New open and gated community areas, sports and recreation spaces, a library and study areas provide the right space to accommodate functions that meet 21st century requirements. Additionally, the positioning of the new annex provides a new meeting/community point that can serve alternative needs (not just educational needs). As a result, newly defined campus gardens, residence hall and dining hall gardens, cafeteria and leisure areas, and meeting spaces connected to the entrance hall provide multi-purpose areas and community spaces for students and lecturers.
The transformation of the garden-style dormitory wing on campus provides the possibility to establish a more transparent, direct and accessible circulation system within the school, and establishes a more organic and permeable connection between the education wing, dormitories and the new wing. In addition to strengthening the interconnectedness within the university, the internal courtyards are now freed from additions that would destroy their spatial proportions and environmental qualities. The result is a vibrant, continuous green surface that highlights the newly defined campus gardens near Bagoliwal Street.
The redesigned ground floor space provides a direct connection to the existing building and is complemented by a redefined main entrance, reception and seating areas. In addition, they provide access points to the gymnasium and dormitory spaces. The newly added wing includes the cafeteria, lecture halls and the upper level of the library.
The internal organization of the new wing is defined by an internal toilet block surrounded by a generous space with a multifunctional staircase, which, in addition to the reading area connected to the library, is defined by seating surfaces and journal rack units. Learning and community spaces.
The spaces are divided by bookshelves running perpendicular to the building’s facade and reading desks located between them, thus separating spaces suitable for in-depth work from circulation and community areas.

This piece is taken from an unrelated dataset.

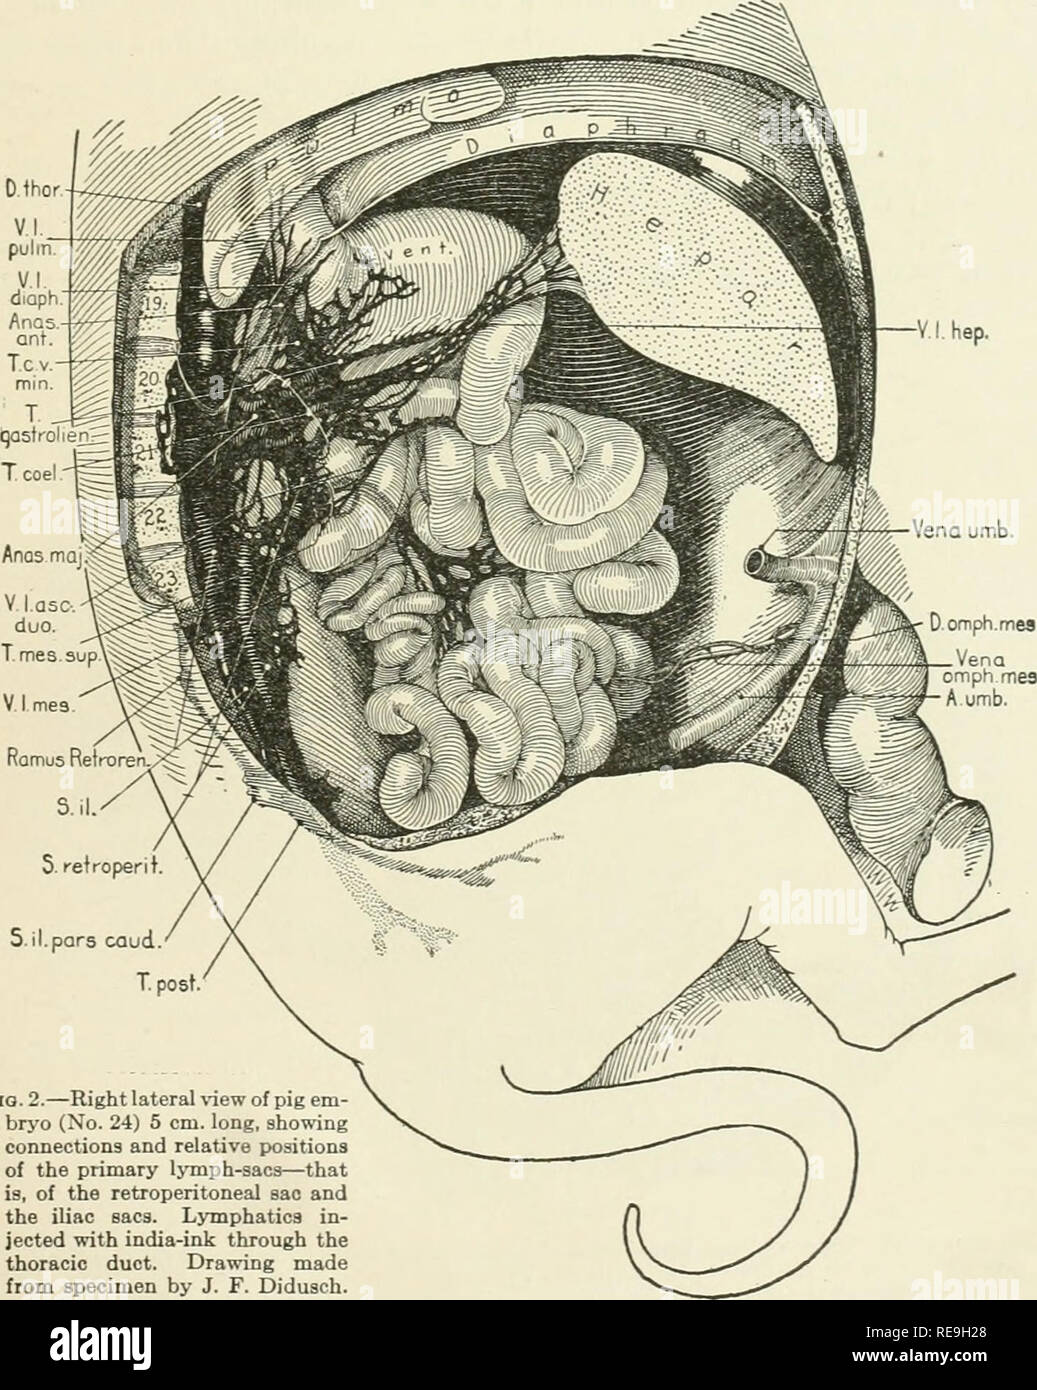 . Contributions to embryology. Embryology. FATE OF PRIMARY LYMPH-SACS IN ABDOMINAL REGION OF PIG, ETC. 23 first in the form of a film, but in older embryos as distinct vessels) over the adrenal capsule and the anterior pole of the kidney (fig. 3, V. 1. cap. gl. suprar.). As the trunk twines ventrally around the body of the pancreas, Ijinphatics are given off to the middle portion of that organ. These pancreatic vessels are not shown in figure 3, but would come off in front of the lower portion of the trunk of the lesser curvature (T. c. V. min.). Laterally, vessels pass from the mesial trunk t Stock Photo

The campus garden is a decisive element of the reorganization plan. By removing the street-facing fence and eliminating car traffic, it becomes an open and inviting public space, the institution’s urban foyer. The existing and new wings of the building frame the campus garden, opening to green space and complemented by a single-story “porch”, a covered but open space. The new wing’s red brick cladding corresponds to that of the existing structure, while the refined surfaces of the dormitory’s front porch and the library’s columns and cornices are made of fine concrete. The light gray color of the hidden fabric shade matches the color of the concrete surface and provides solar protection to the library’s glazed exterior. When lowered, the external shading system gives the new wing a uniform, relief-like appearance, subtly diversified through the rhythm of the columns.
Neutral, muted tones and natural materials contrast with the interior spaces’ vibrant presence of books and furniture and the diverse activities of its users.